Potyvirus is a genus of positive-strand RNA viruses in the family Potyviridae. Plants serve as natural hosts. The genus is named after member virus potato virus Y. Potyviruses account for about thirty percent of the currently known plant viruses. Like begomoviruses, members of this genus may cause significant losses in agricultural, pastoral, horticultural, and ornamental crops.

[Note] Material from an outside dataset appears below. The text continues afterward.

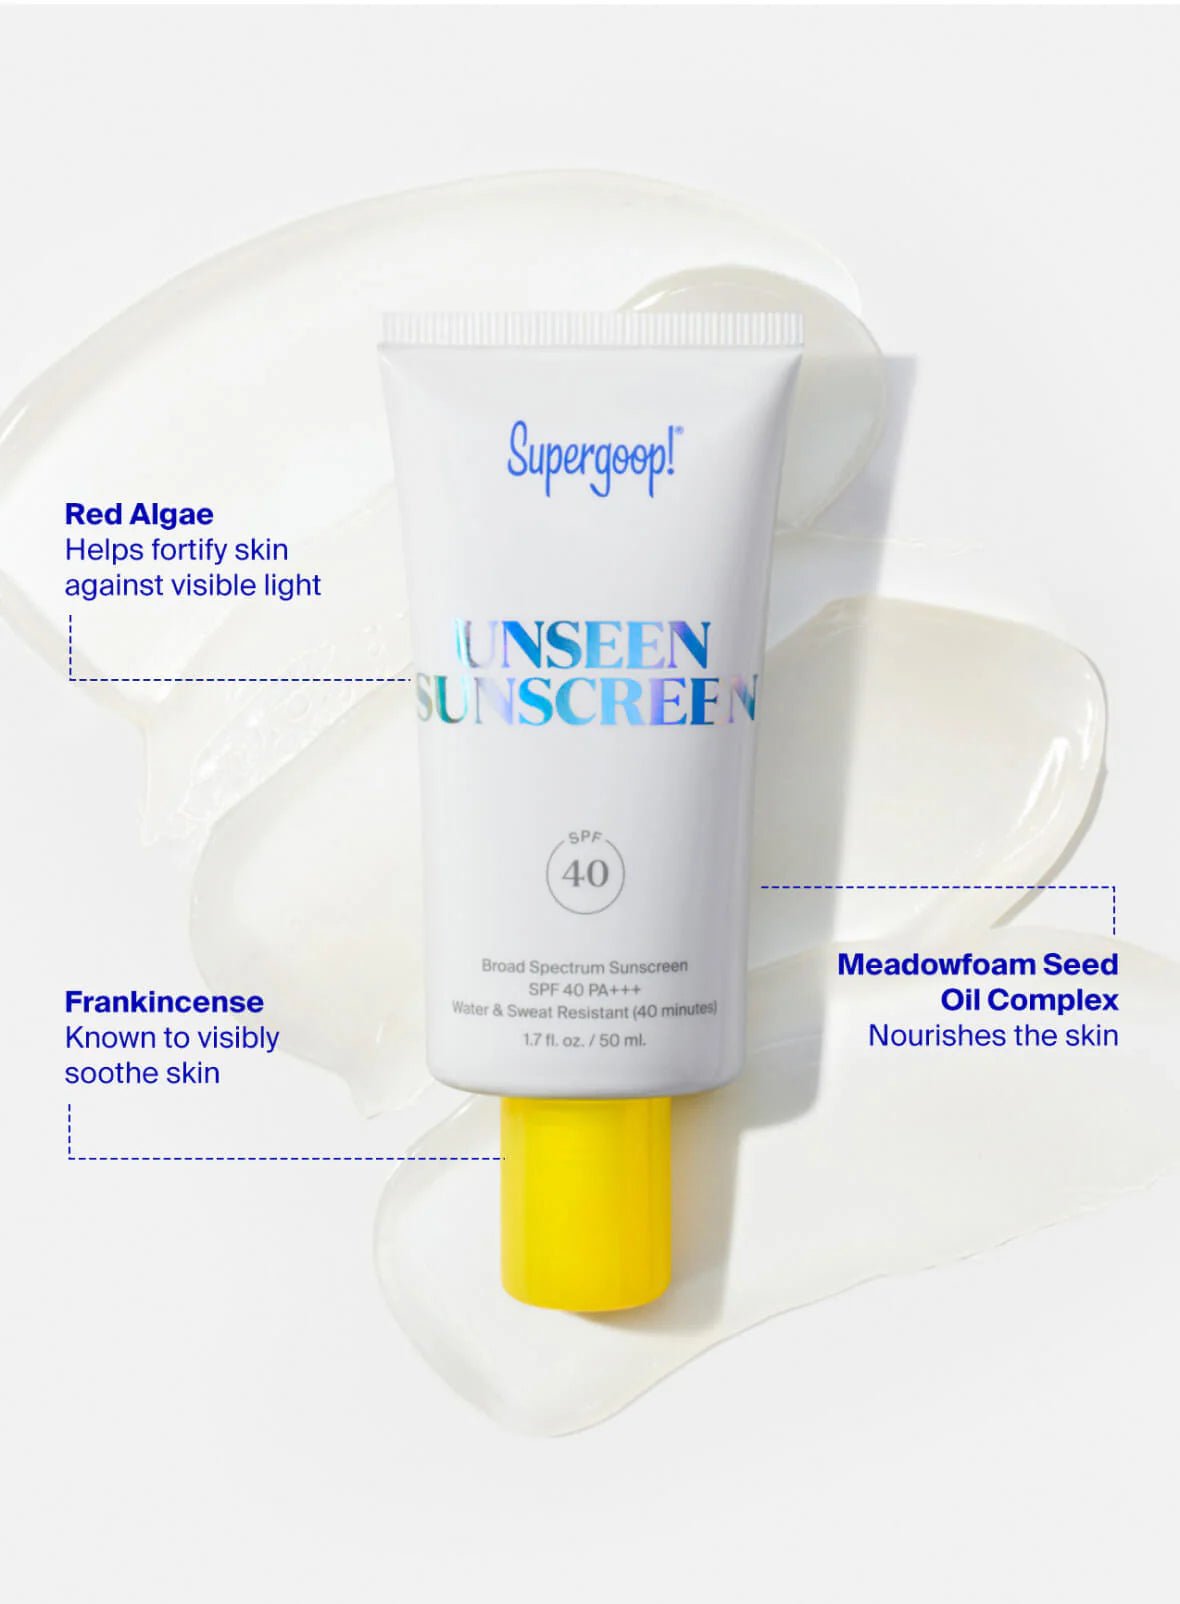 Supergoop! Unseen Sunscreen SPF 40 - 30A Gear - novelty misc

More than 200 species of aphids spread potyviruses, and most are from the subfamily Aphidinae (genera Macrosiphum and Myzus). The genus contains 190 species.

Virology

Structure 

The virion is non-enveloped with a flexuous and filamentous nucleocapsid, 680 to 900 nanometers (nm) long and is 11–20 nm in diameter. The nucleocapsid contains around 2000 copies of the capsid protein. The symmetry of the nucleocapsid is helical with a pitch of 3.4 nm.

Genome 

The genome is a linear, positive-sense, single-stranded RNA ranging in size from 9,000–12,000 nucleotide bases. Most potyviruses have non-segmented genomes, though a number of species are bipartite. The base composition is: 21–23.51–26% G; 23–30.15–44% A; 14.9–22.41–28% C; 15.6–24.41–30.9% U.

In the species with a single genome, at the 5' end a protein is covalently linked (the VPg protein). It encodes a single open reading frame (ORF) expressed as a 350 kDa polyprotein precursor. This is processed into ten smaller proteins: protein 1 protease (P1-Pro), helper component protease (HC-Pro), protein 3 (P3), cylindrical inclusion (CI), viral protein genome-linked (Vpg), nuclear inclusion A (NIa), nuclear inclusion B (NIb), capsid protein (CP) and two small putative proteins known as 6K1 and 6K2. The P3 cistron also encodes a second protein—P3N-PIPO—which is generated by a +2 frameshift.

Proteins 

Properties of the viral protein:

P1-Pro (~33 kiloDaltons (kDa) in molecular weight) is a serine protease.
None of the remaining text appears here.